2. Modify code to be more flexible

The code for our Neural Network example above assumes an input layer size of 2, hidden layer size of 3 and an output layer size of 1.

DO THIS: Modify the code in Section 1 above so that the user can specify these as inputs when creating the Neural_Network object. The default values should stay the same. Rerun the above example to make sure it still works.


In [9]:
class Neural_Network(Neural_Network):
    def __init__(self,insize, outsize, hiddensize):
        #Define Hyperparameters
        self.inputLayerSize = insize
        self.outputLayerSize = outsize
        self.hiddenLayerSize = hiddensize

        #Weights (parameters)
        self.W1 = np.random.randn(self.inputLayerSize,self.hiddenLayerSize)
        self.W2 = np.random.randn(self.hiddenLayerSize,self.outputLayerSize)

In [39]:
#Untrained Random Network
NN = Neural_Network(2,1,5)
y1 = NN.forward(X)
print("Untrained Output", y1)


Untrained Output [[0.40867166]
 [0.36286813]
 [0.35807708]]

In [40]:
T = trainer(NN)
T.train(X,y)


Optimization terminated successfully.
         Current function value: 0.000000
         Iterations: 51
         Function evaluations: 53
         Gradient evaluations: 53

In [41]:
#Trained Network
y2 = NN.forward(X)
print("Trained Output",y2)


Trained Output [[0.75000449]
 [0.81997275]
 [0.92997594]]

In [42]:
print(MSE(y, y1))
print(MSE(y, y2))


[0.21752347]
[4.47242084e-10]

3. Use our ANN on the "Digits" dataset.

Here is the code copied from out previous Machine Learning Module which downloads the "digits" dataset and separates it into training and testing sets.


In [100]:
%matplotlib inline
import matplotlib.pylab as plt
import numpy as np
from sklearn.datasets import fetch_lfw_people, load_digits
from sklearn.cross_validation import train_test_split

sk_data = load_digits();

#Cool slider to browse all of the images.
from ipywidgets import interact
def browse_images(images, labels, categories):
    n = len(images)
    def view_image(i):
        plt.imshow(images[i], cmap=plt.cm.gray_r, interpolation='nearest')
        plt.title('%s' % categories[labels[i]])
        plt.axis('off')
        plt.show()
    interact(view_image, i=(0,n-1))
browse_images(sk_data.images, sk_data.target, sk_data.target_names)

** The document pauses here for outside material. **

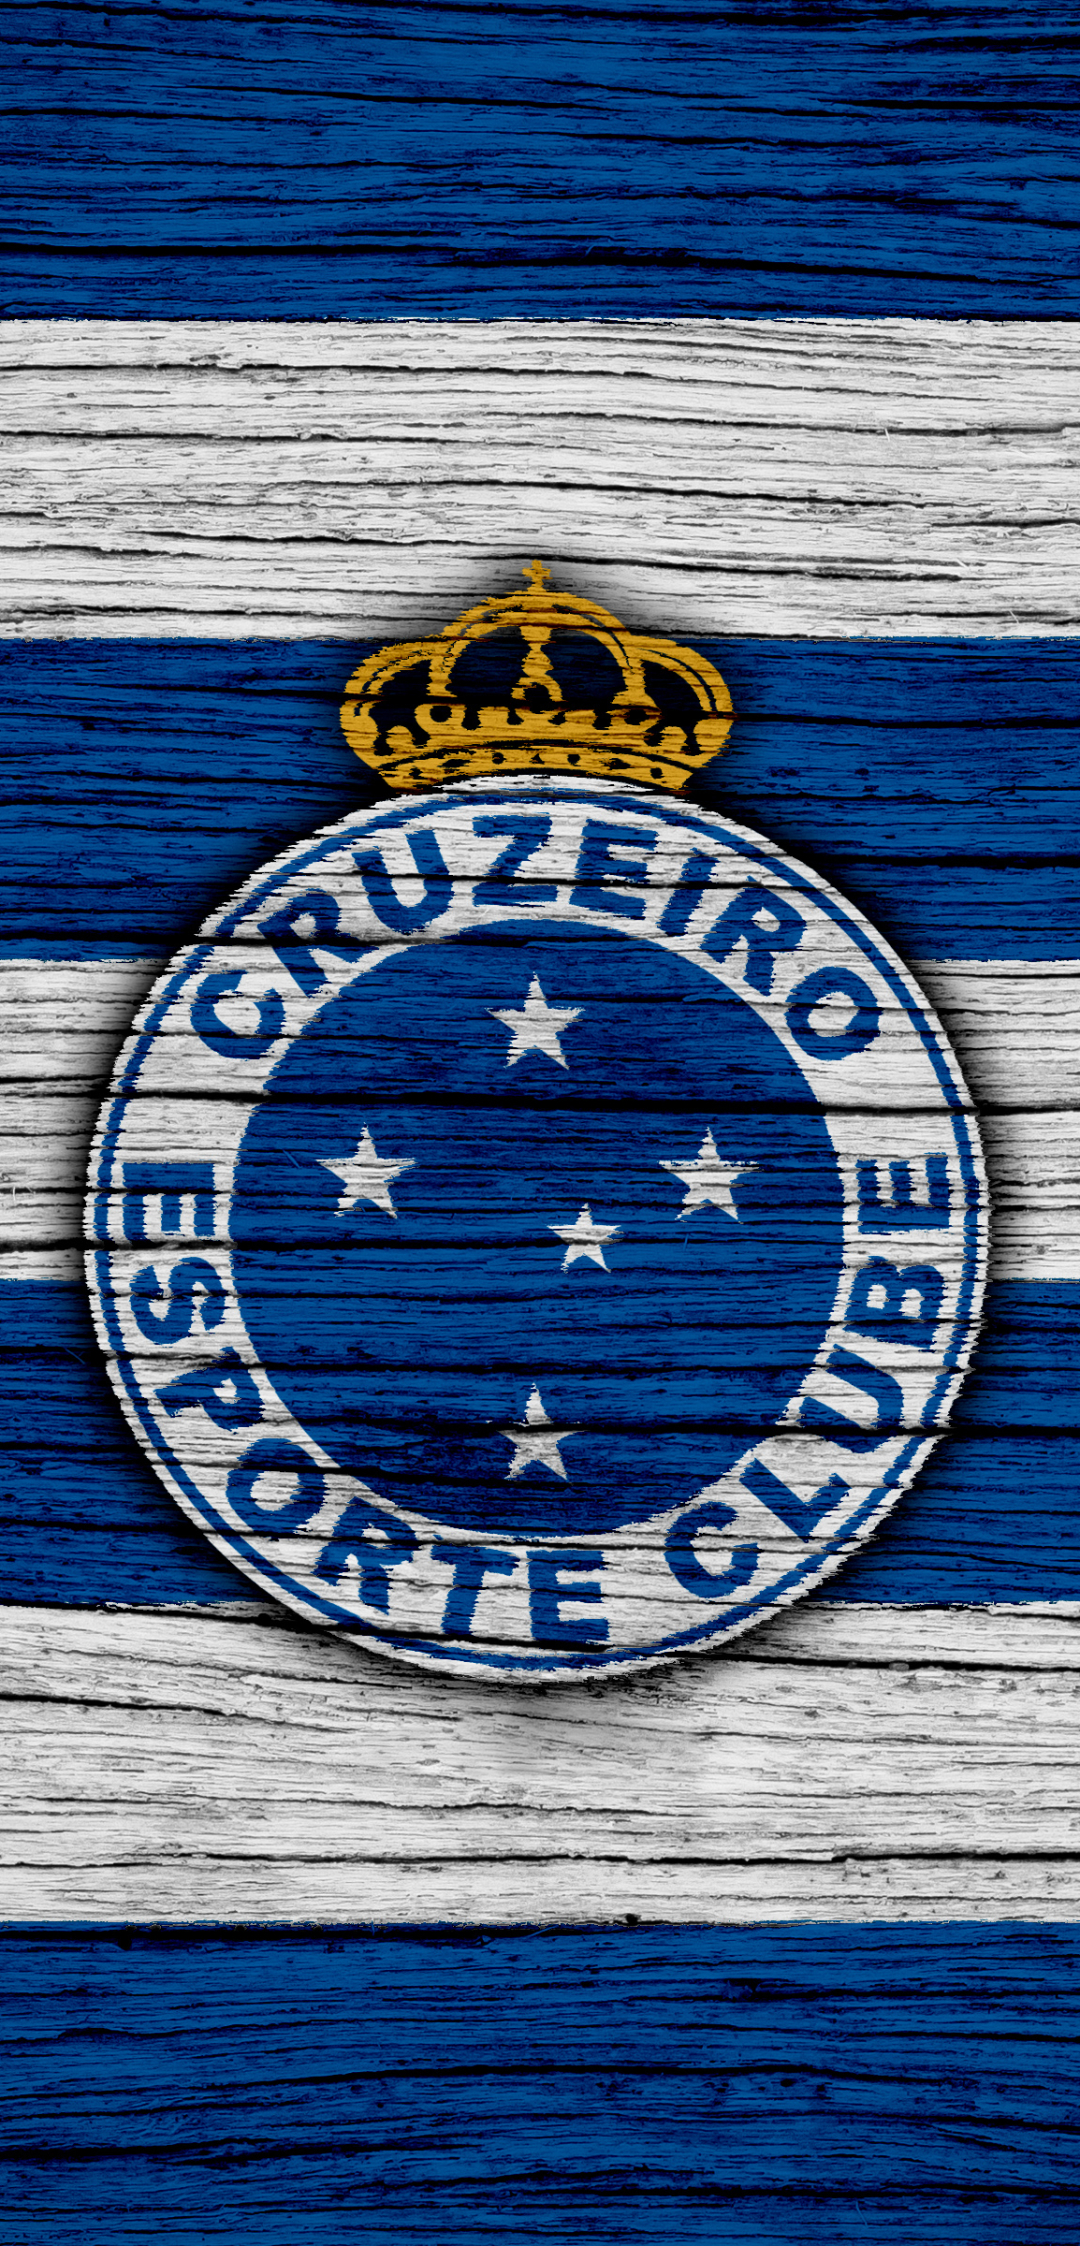 Descarga gratuita de fondo de pantalla para móvil de Fútbol, Logo, Emblema, Deporte, Cruzeiro Esporte Club.

feature_vectors = sk_data.data
class_labels = sk_data.target
categories = sk_data.target_names

N, h, w = sk_data.images.shape
train_vectors, test_vectors, train_labels, test_labels = train_test_split(feature_vectors, class_labels, test_size=0.25, random_state=1)


The following is copied and pasted from Section 1 and rewritten it to use the training and testing sets above.

DO THIS: Make changes to and finish the following code to work with the "digits" data. Some of the work has already been done for you. Please consider the following when making changes:

  • For this new input to work, you need to transform the training and testing data into a format that can work with the class that was developed. Use the example from above and the functions such as type and shape to figure out how to transform the data into inputs suitable for training the Neural Network. This will be the first step before you can run the example code below.
  • Modify the number of Input, Output and Hidden layers to match the new problem. (I've supplied "?" for now, you should think about what these could/should be.)
  • Make sure your inputs and outputs are normalized between zero (0) and one (1).

In [114]:
train_vectors = train_vectors/train_vectors.max()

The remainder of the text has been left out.